◆ **Directions**:
All lines below starting at the one that holds "Guggenheim downgrades Microsoft, says" and ending at the one that holds "Zegarek damski Bering 14520-334 złoty" should be printed exactly, ends included. Pictures should not be printed, nor anything else.

◆ **Data extracts**:
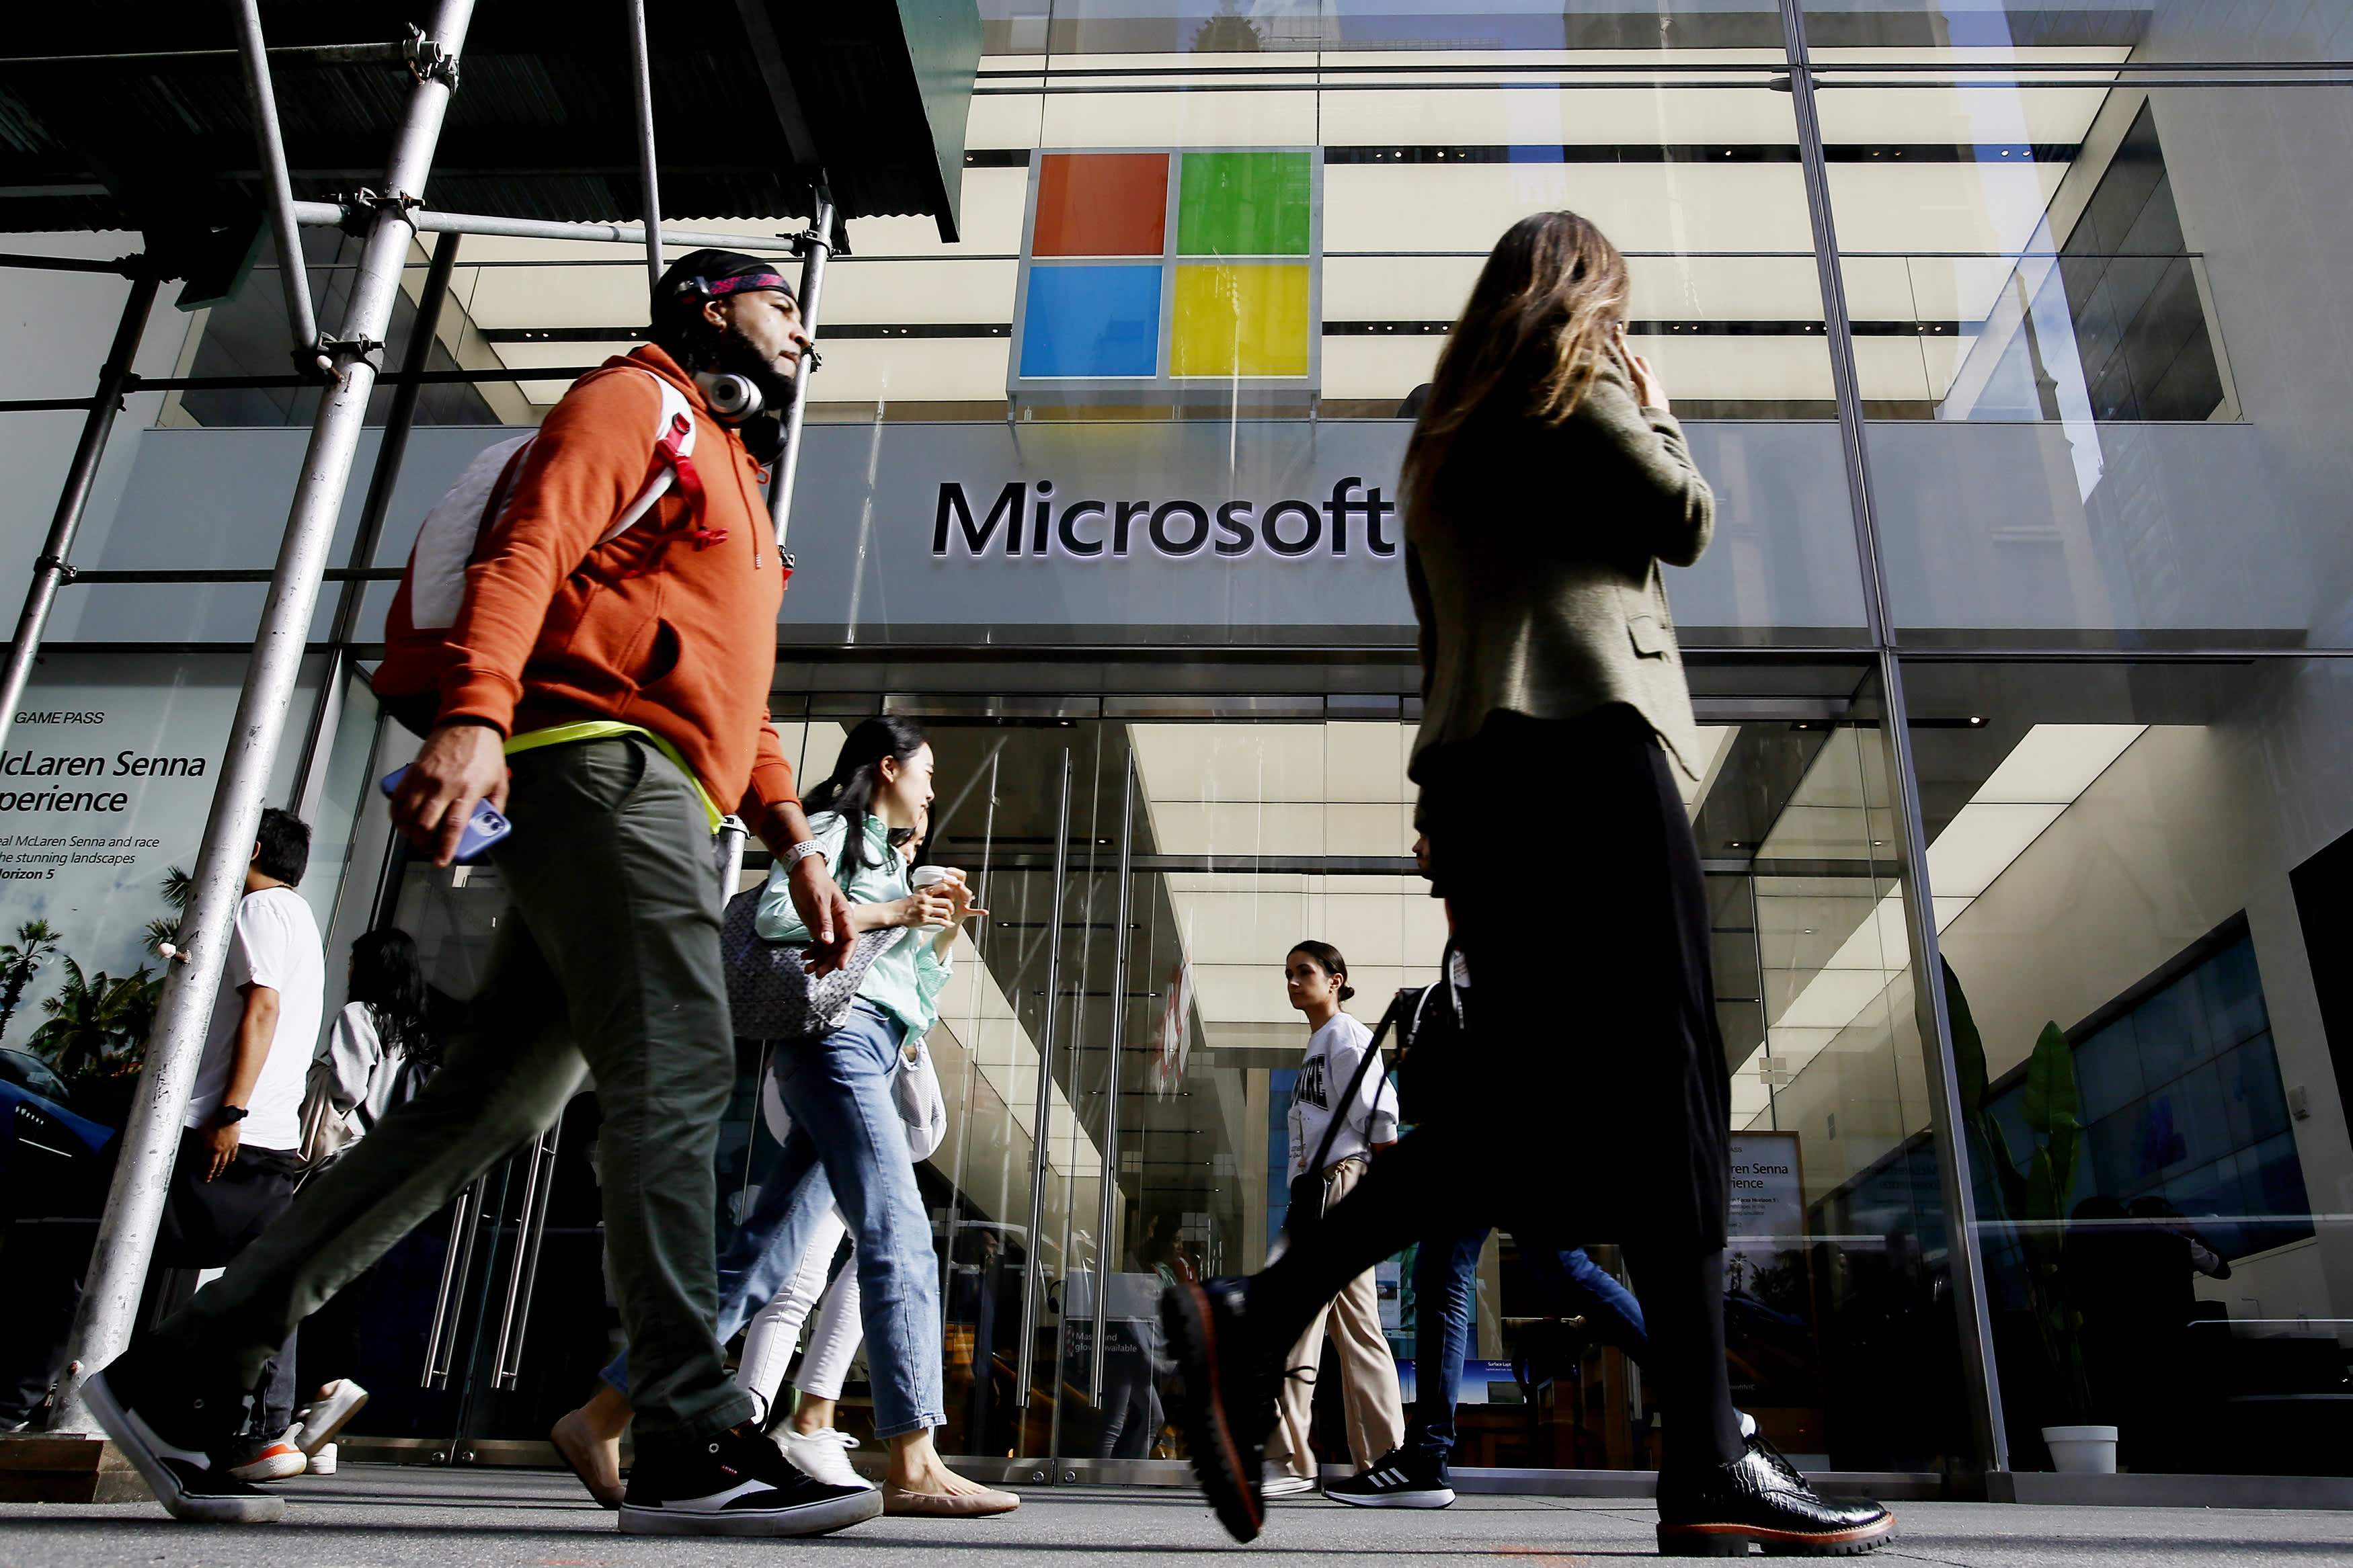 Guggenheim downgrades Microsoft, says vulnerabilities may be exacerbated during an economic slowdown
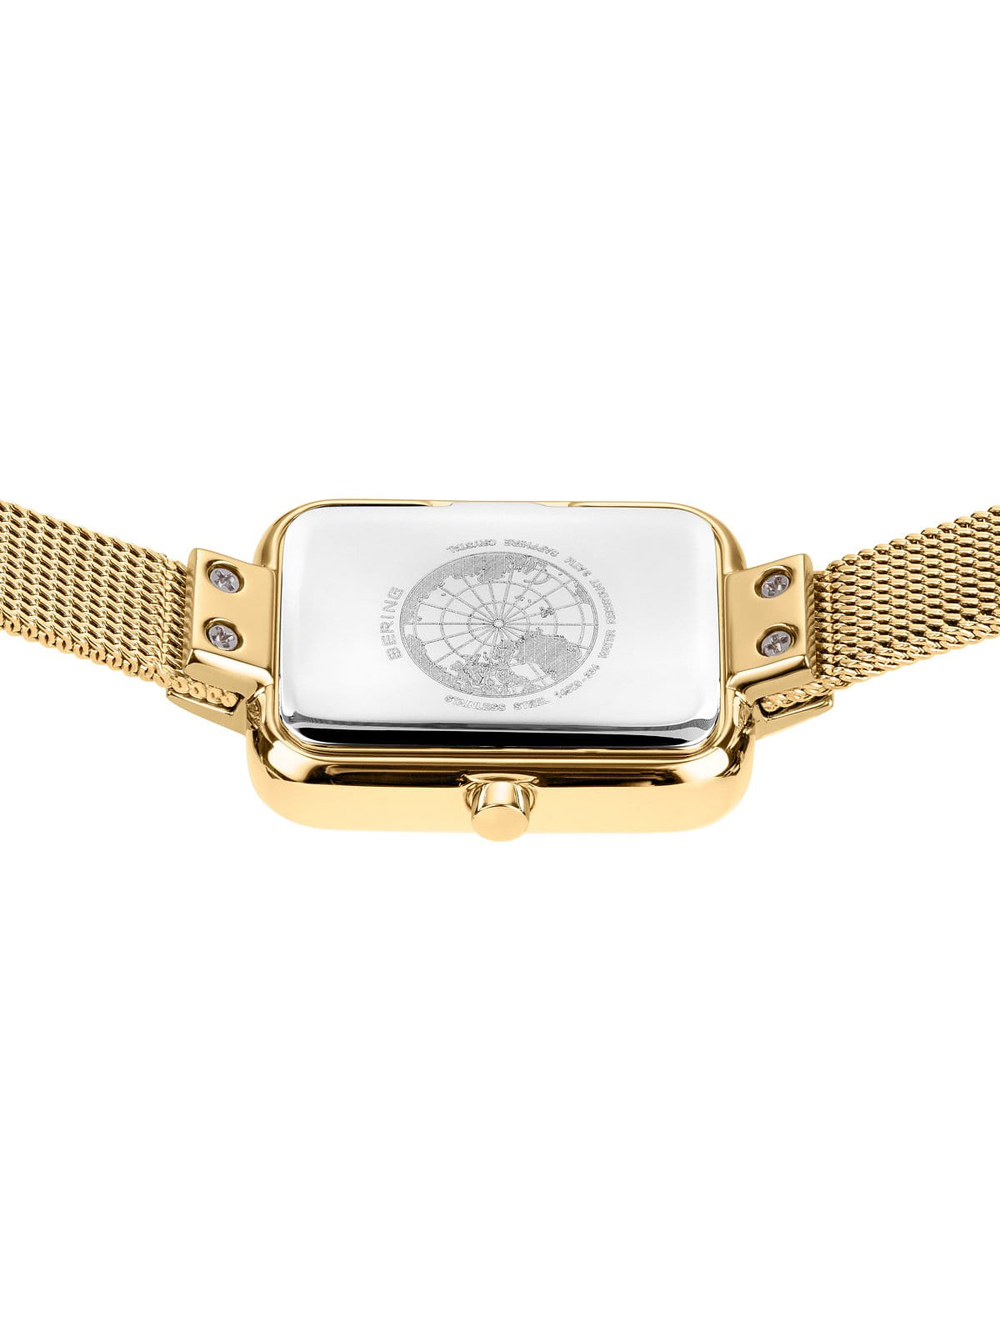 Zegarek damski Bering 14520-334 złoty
...
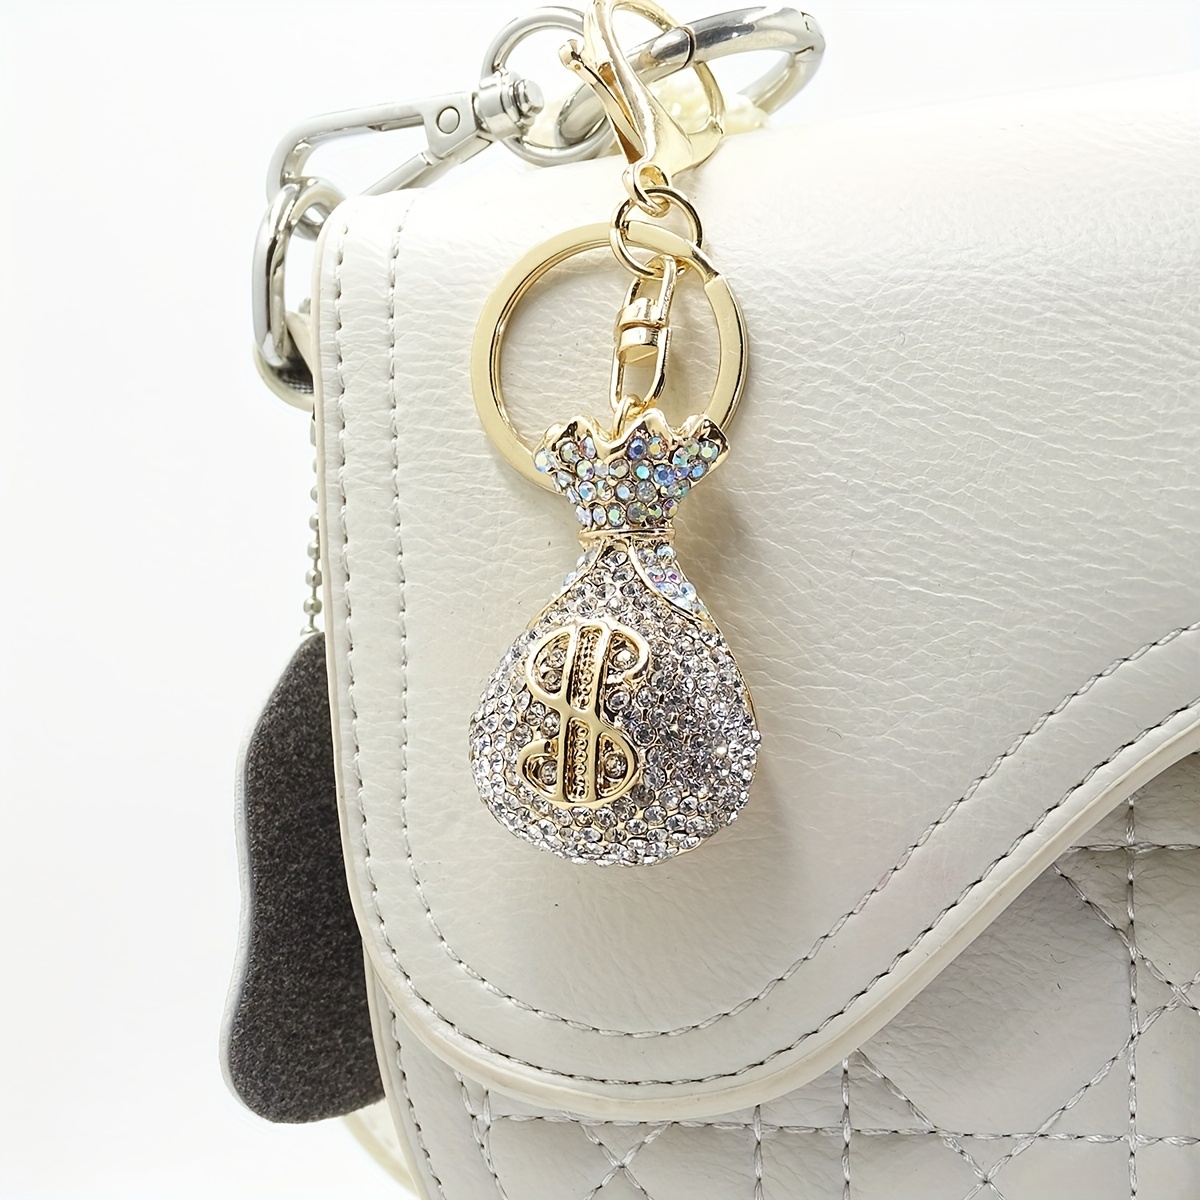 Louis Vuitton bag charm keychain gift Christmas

◆ **Solution to the problem**:
 Guggenheim downgrades Microsoft, says vulnerabilities may be exacerbated during an economic slowdown
 Zegarek damski Bering 14520-334 złoty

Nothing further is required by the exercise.